# Pellet grill advice.



## Cheeks1989 (May 31, 2015)

I am looking at getting a pellet grill and was wondering if anyone has either a rec tec grill or a yoder Ys640. Any suggestions or advice would be great. 
Thanks Sam


----------



## daveb (May 31, 2015)

Are you looking for a pellet grill or pellet smoker? The basic Yoder you cited retails for $1,500 - is that what you're looking to spend?

I've used both pellet grills and smokers from Cookshack and currently own an electric smoker from them. I've been happy with the way they performed, great flavor, predictable results, etc. The pellet augers will run on either 12VDC or 115VAC - a good thing if you want to trailer the cooker to events. Pellet grills are available in your price range. Electric smokers - the AmeriQue comes to mind - as well. To get into a pellet smoker you're looking at north of 5K.

I've some but less experience with a Green Mountain product - half dozen cooks. Again it perfomed well. May have used a Yoder - don't recall the name but it looked much like the Yoder smoker. Don't know rec tec at all.
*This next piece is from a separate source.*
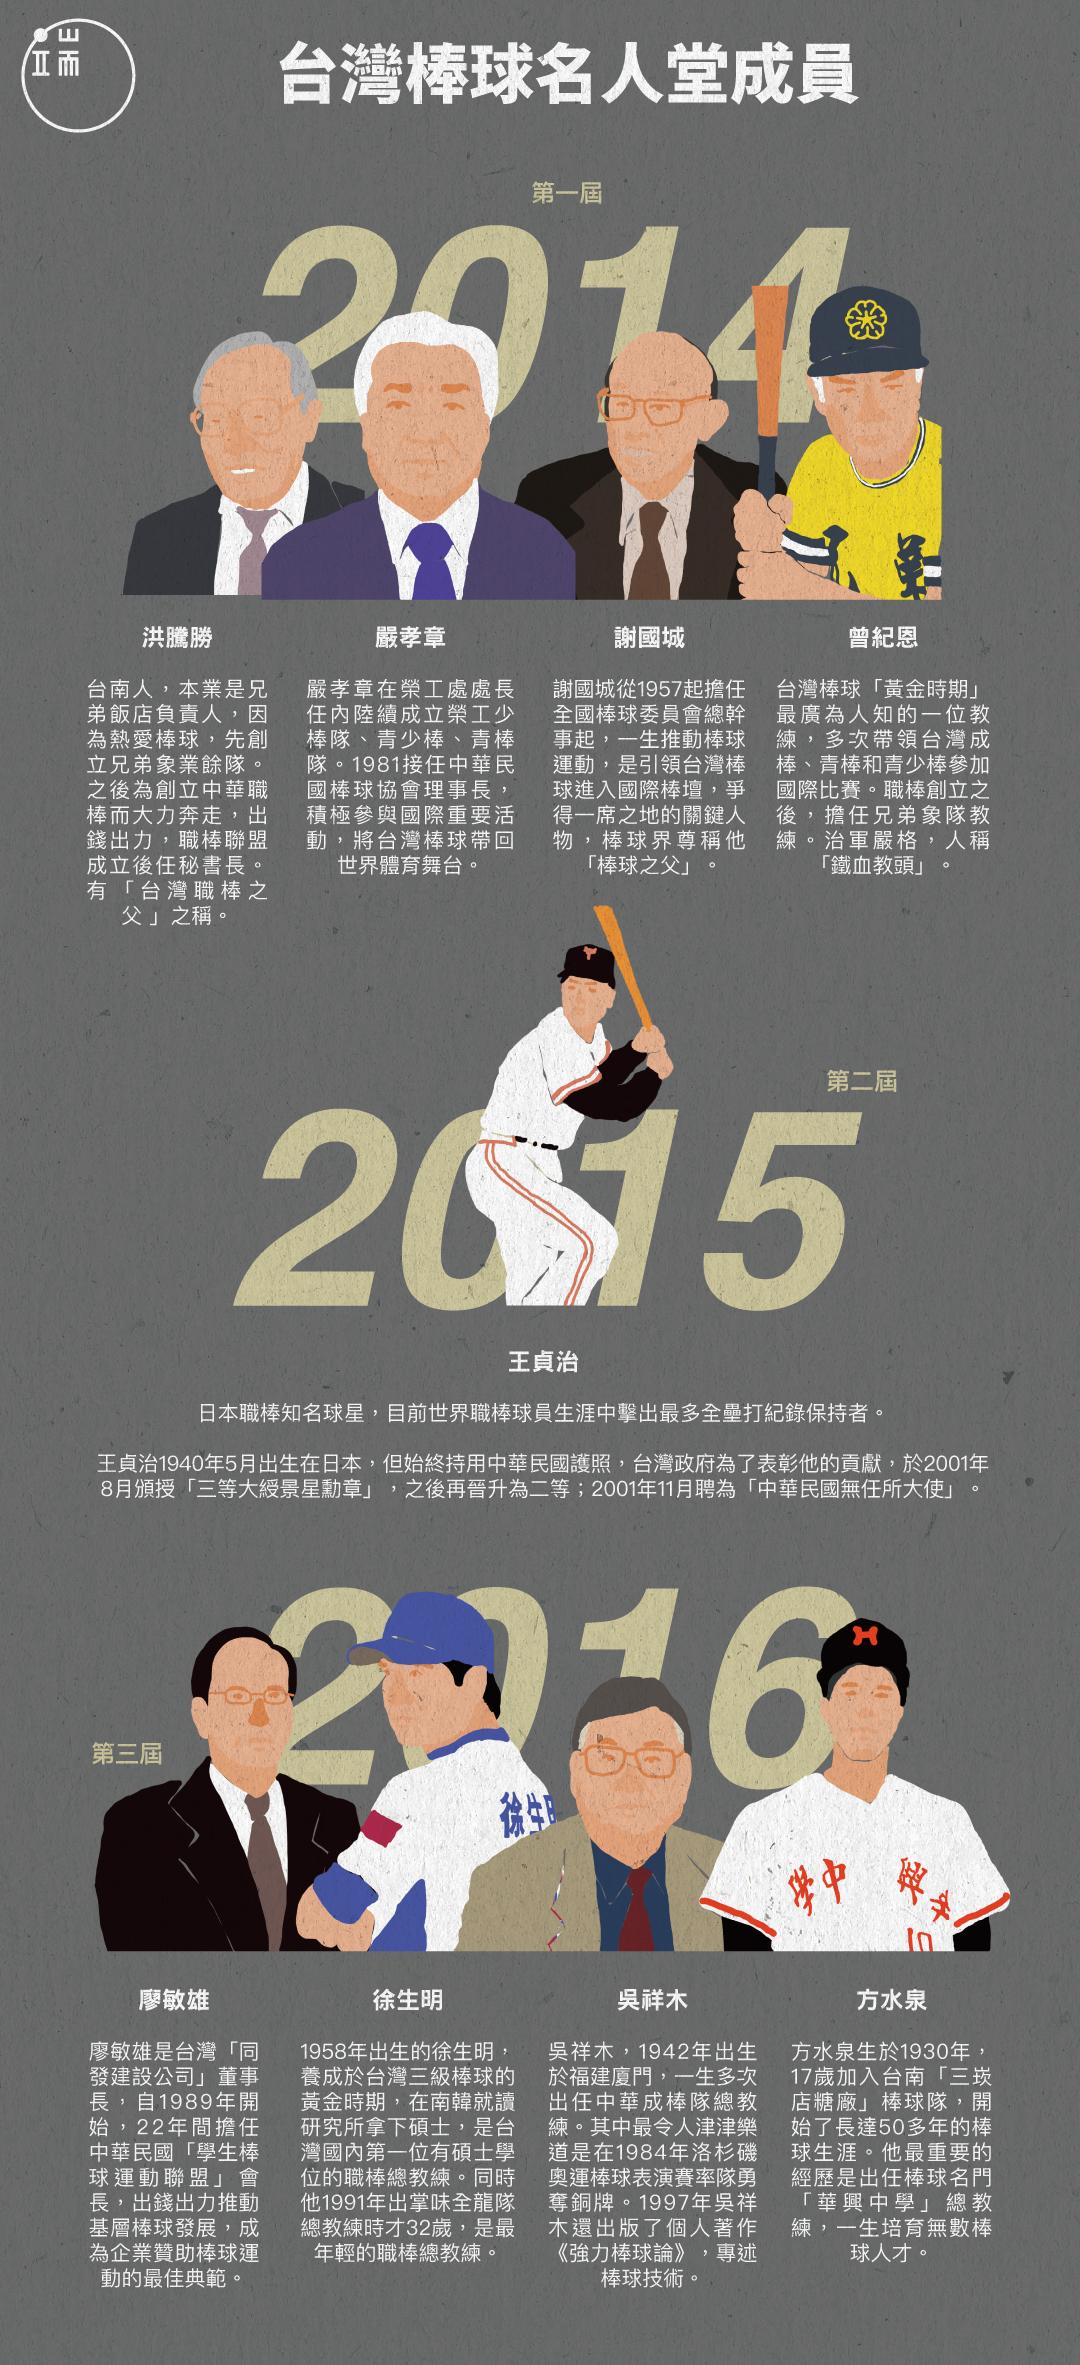 台灣棒球名人堂。圖:端傳媒設計部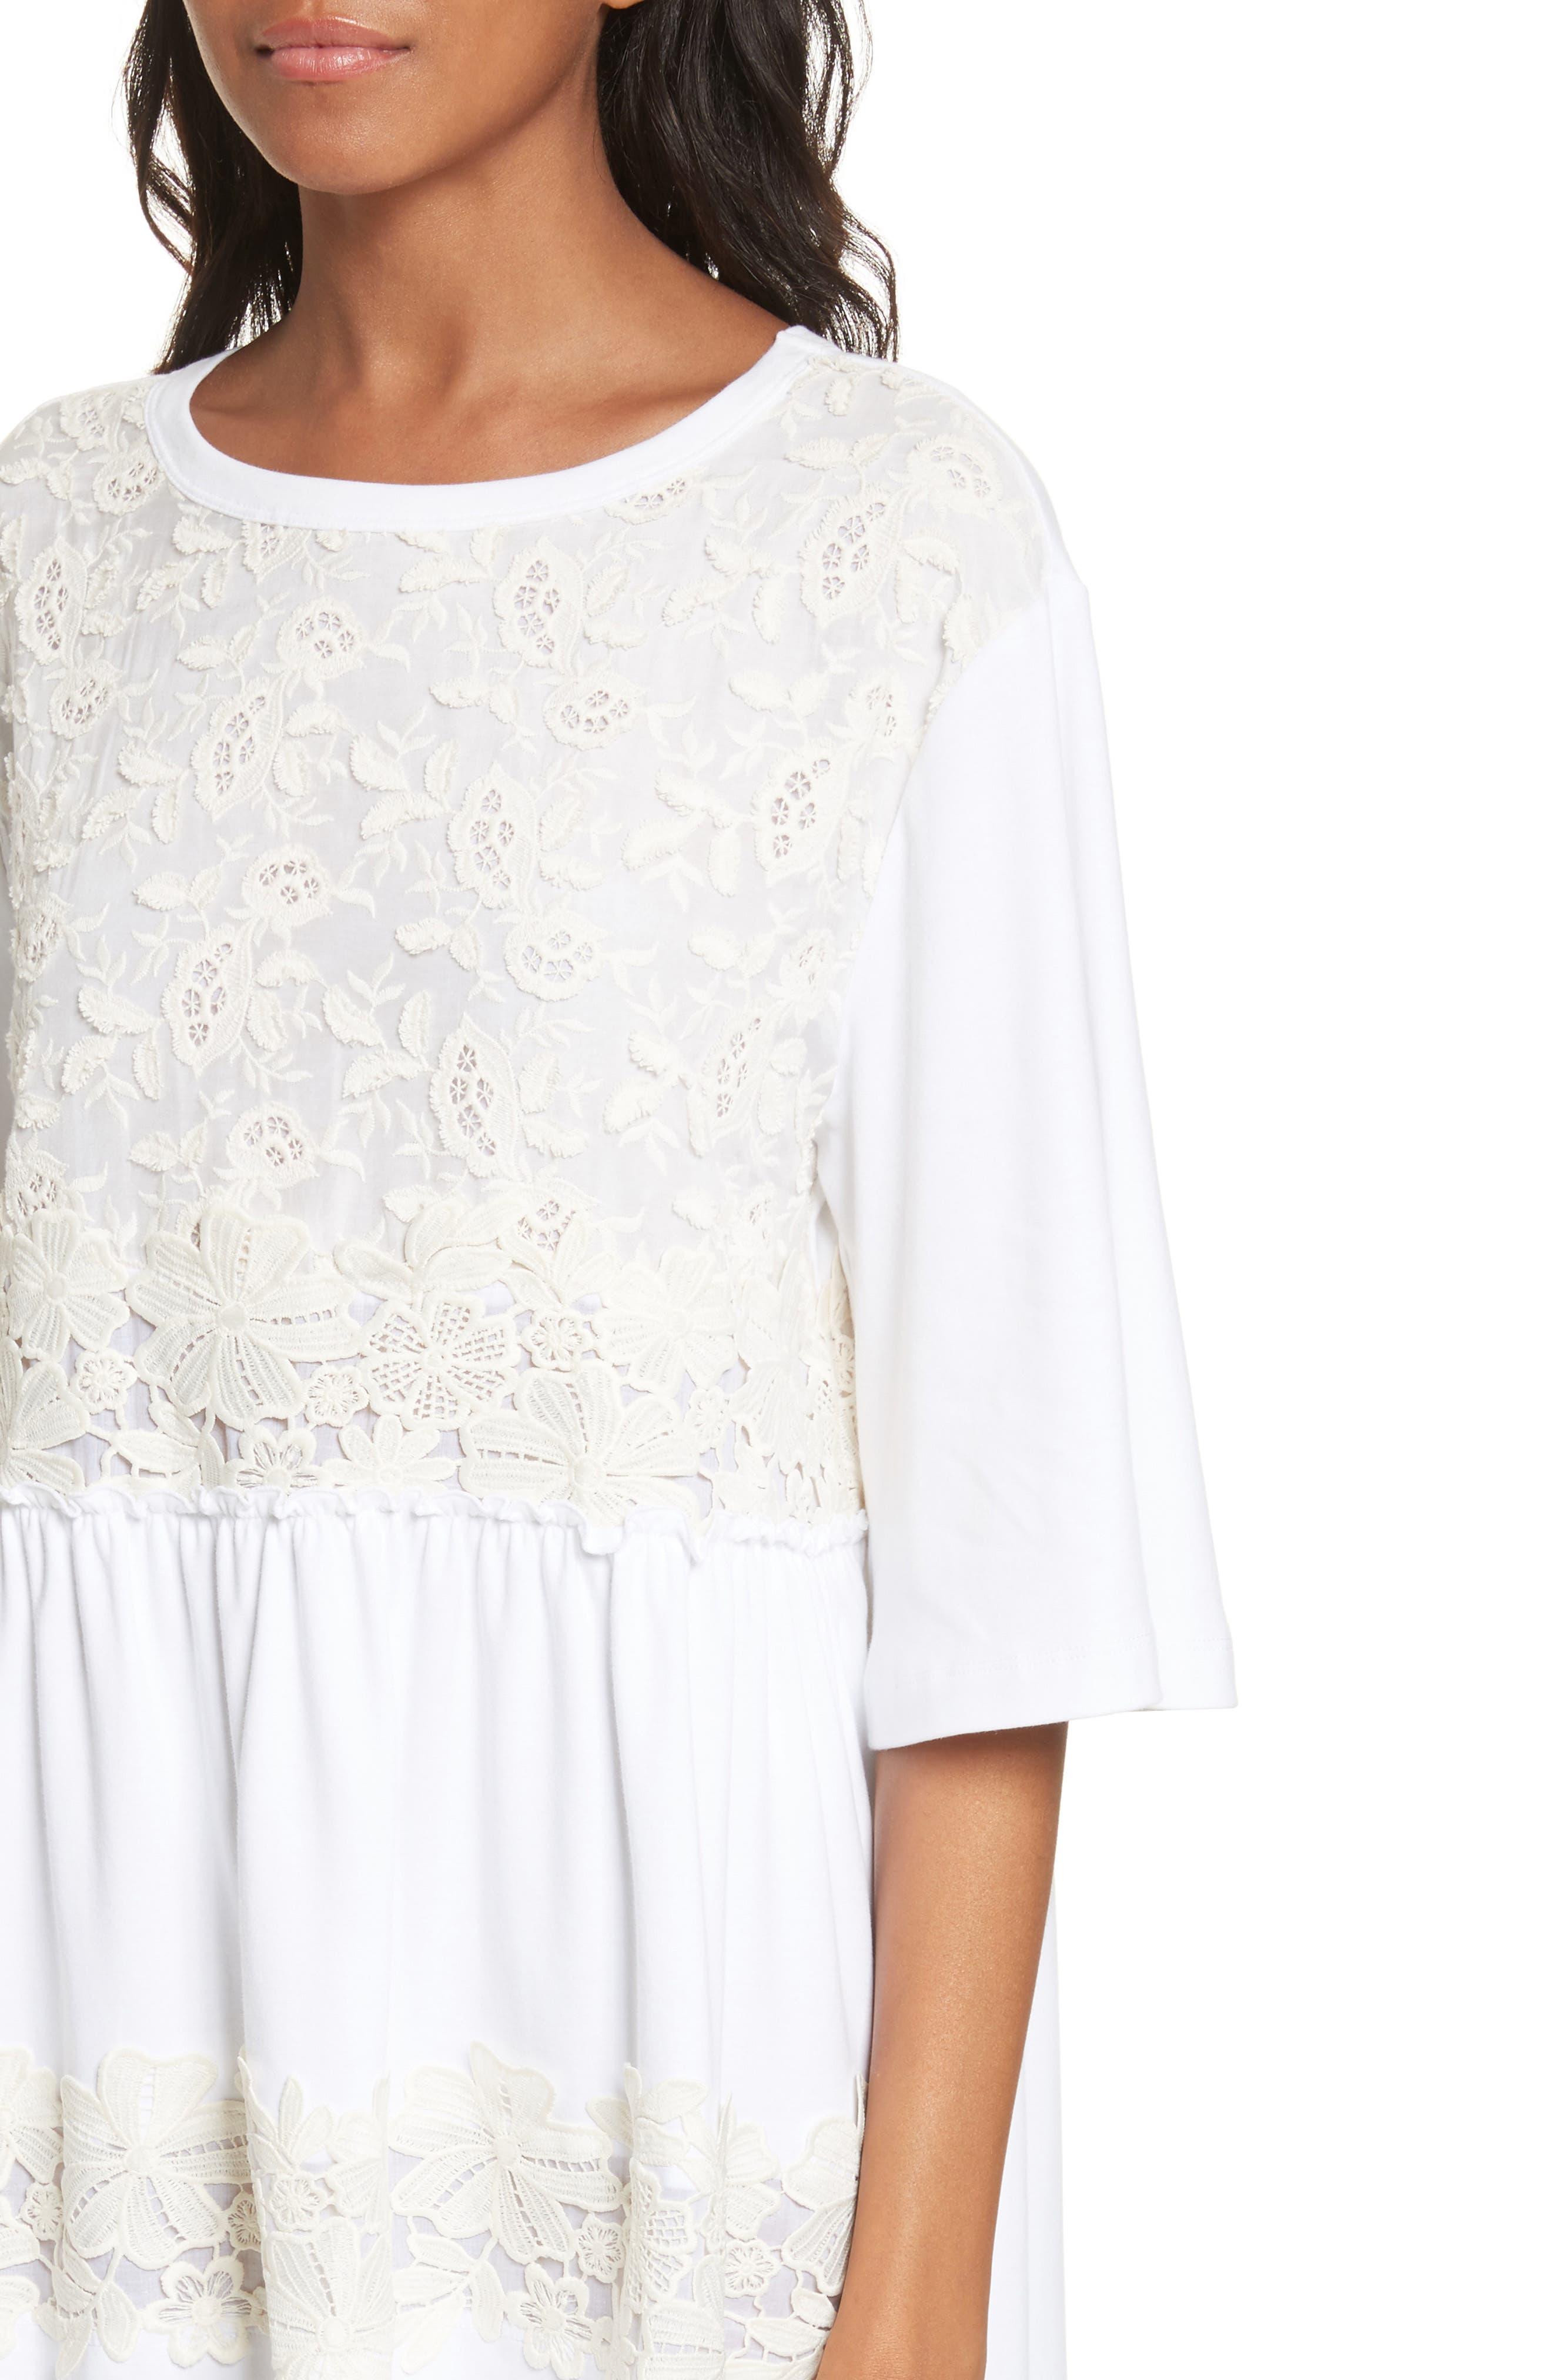 Crochet Panel Dress,                             Alternate thumbnail 4, color,                             White

When shopping consider the hopper capacity - you'll want to be able to go at least 12 hrs without refill. Consider the power source for the auger and ensure it's compatible with your planned usuage. Stainless is always good, especially in products meant to be used outside. Look for ability to run temp probs through the unit. If you think you might ever want to add a Digi-Q type accessory ensure that it's compatible. If you are considering the competitive BBQ circuit they have some special rules for smokers that would warrant some attention.


----------



## Cheeks1989 (May 31, 2015)

Thanks Dave for the advice. I am not going to be competing with it. I'm looking for a grill/smoker, and the reason I'm going pellet/electric because I have one day off and I won't be able to devote a lot of time to it. Kinda the lazy man's smoker and set it and forget it. 
I'm really leaning towards the ys640.


----------



## daveb (May 31, 2015)

I know the lazy part well:cool2::cool2::cool2:

This blows my skirt up but it looks like you have nothing but good choices in mind. (Wish elections were like that)

http://www.cookshack.com/store/Grills-old/Fast-Eddys-by-Cookshack-PG500-Pellet-Grill


----------



## Cheeks1989 (Jun 4, 2015)

Thanks for the help Dave. I have decided to go with the ys640 with the comp cart. I will let you know how it is.


----------